Even Henri, good-natured, solid Henri, couldn’t keep the coldness out of his voice as he regretted that none of his Resistance contacts had been able to find any trace of the kids and suggested that for her own good, in the present temper of the city, she’d do well to take a long vacation.
She had in fact travelled to Lyon, not for a holiday or a refuge, but in search of that faith-bolstering sign. All she learned there was that Lucien Laurentin had been shot and Mireille was still imprisoned. Yes, there had been a pair of Yid kids at Montluc some weeks back, but they’d been transported long since. Where? Where the hell did she think!

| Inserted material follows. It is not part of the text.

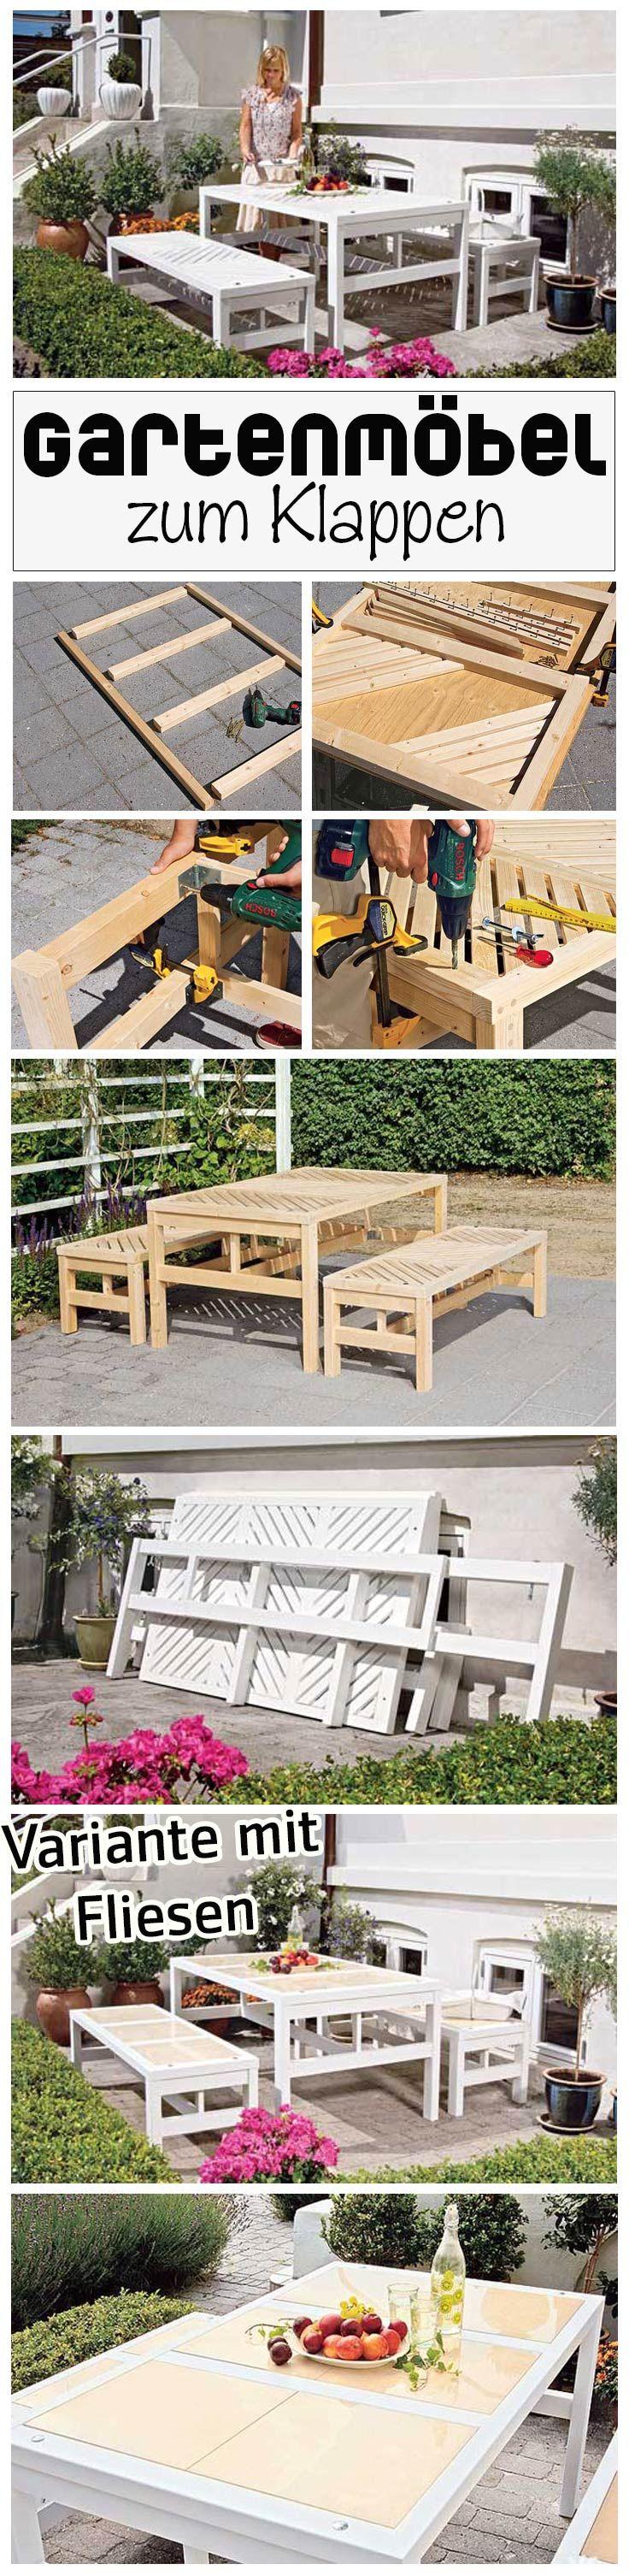 Gartenmöbel Zum Klappen

She returned to Paris and resumed her rounds, meeting everywhere with the same unhelpful courtesy. The fact that the Germans did not seem interested in arresting or even harassing her, the widow of a notorious Jewish Resistant, was not going unnoticed, except by herself. She had no time for any diversion of thought from her search for information, for hope. She went everywhere, the Majestic, the Avenue Foch, even the Lutétia where she demanded to see Günter Mai once more. They held her at the entrance for more than an hour, then told her that Captain Mai had been transferred.